What the exercise asks
From the first line to the last, please reproduce the material exactly, skipping the pictures.

Information supplied

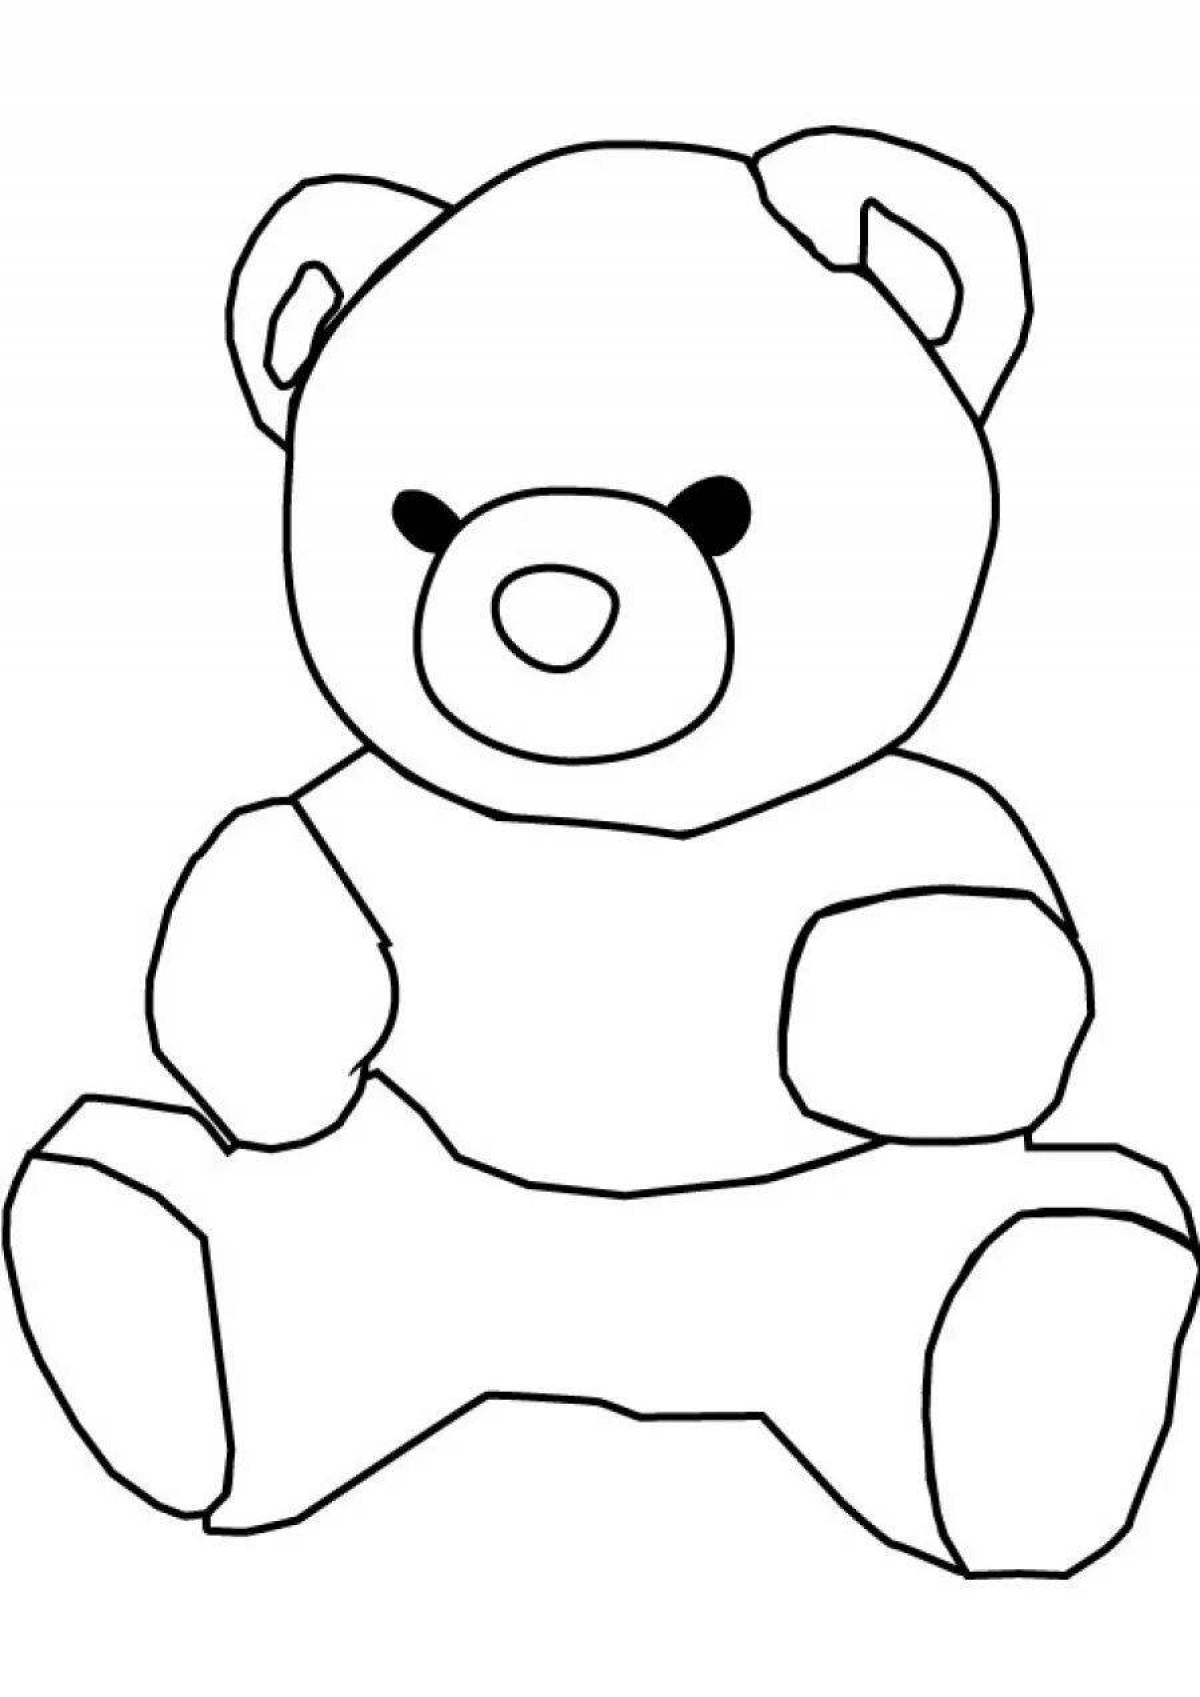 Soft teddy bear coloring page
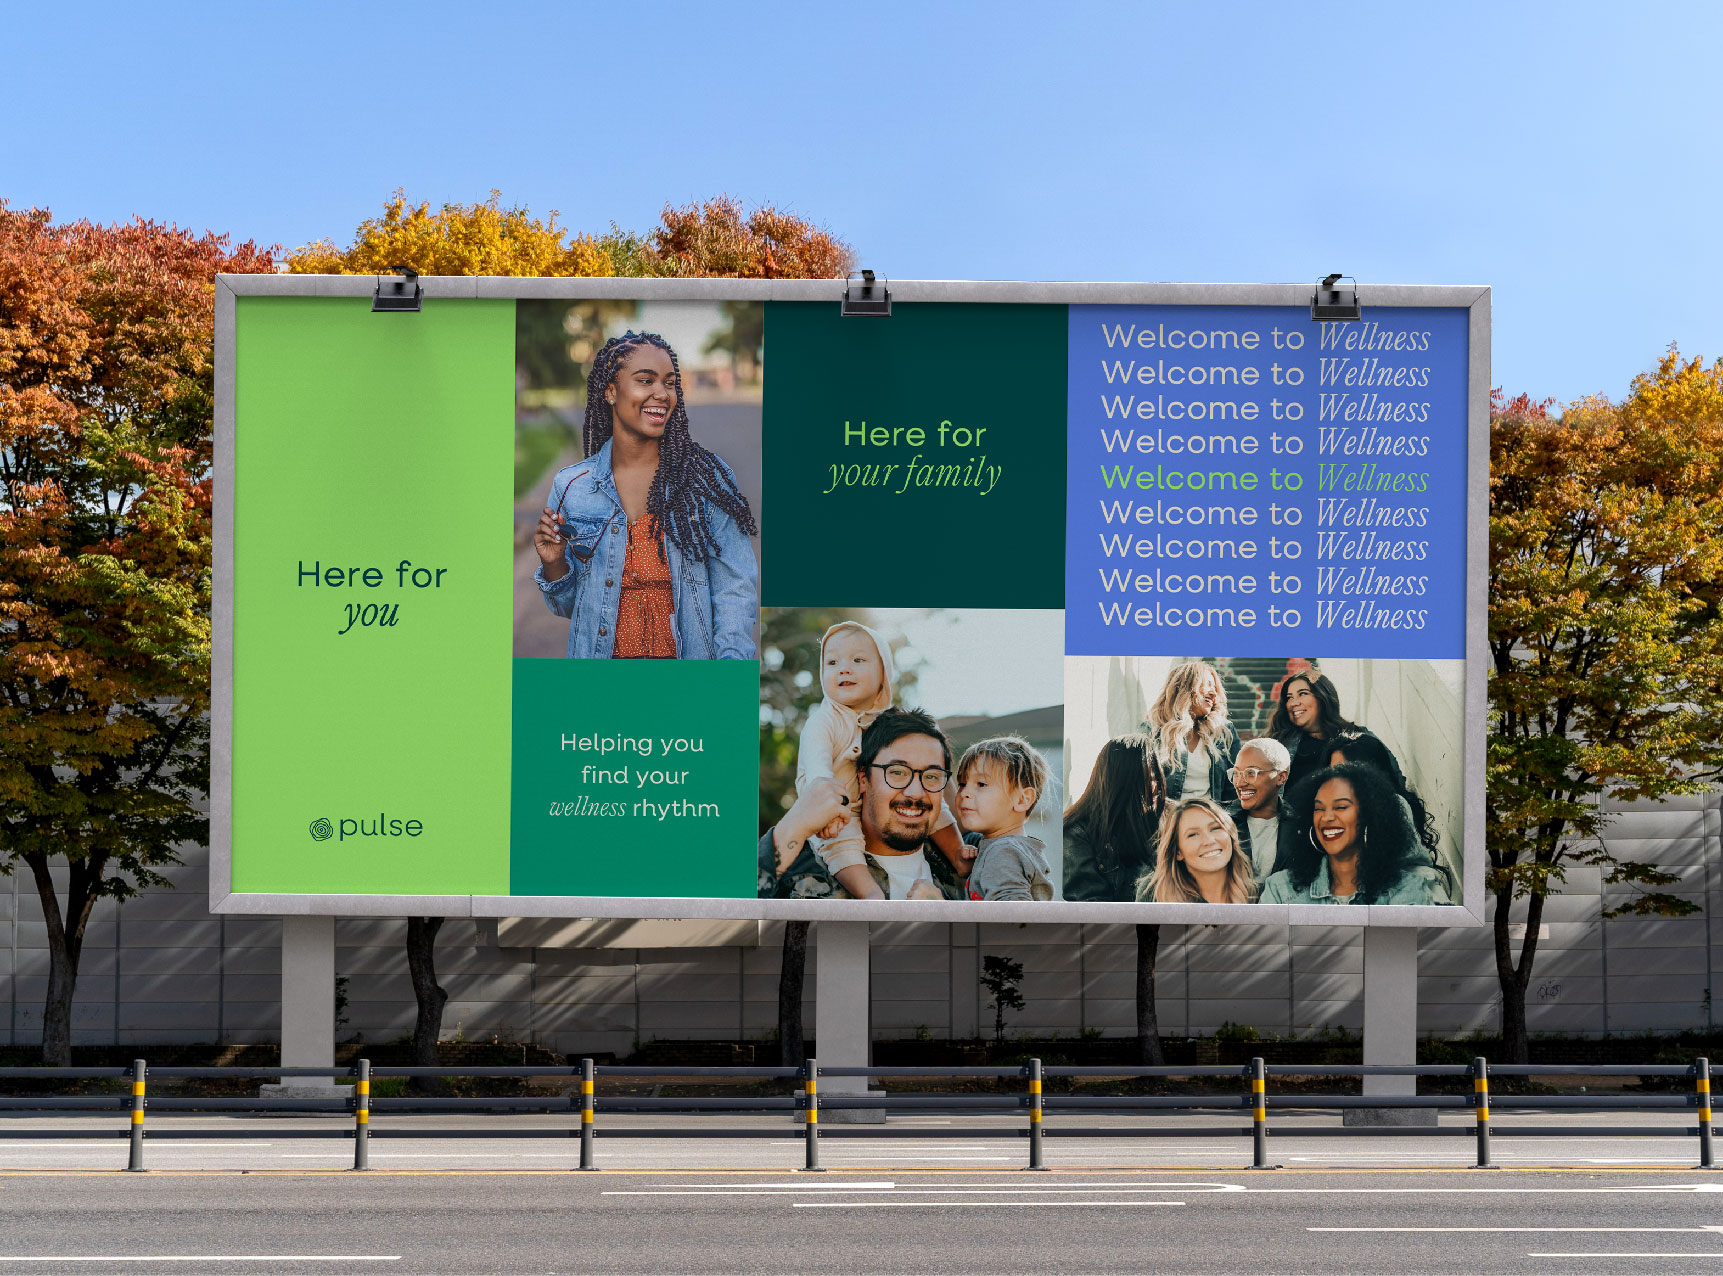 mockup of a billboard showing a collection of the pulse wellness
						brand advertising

Task result
 Soft teddy bear coloring page
 mockup of a billboard showing a collection of the pulse wellness
						brand advertising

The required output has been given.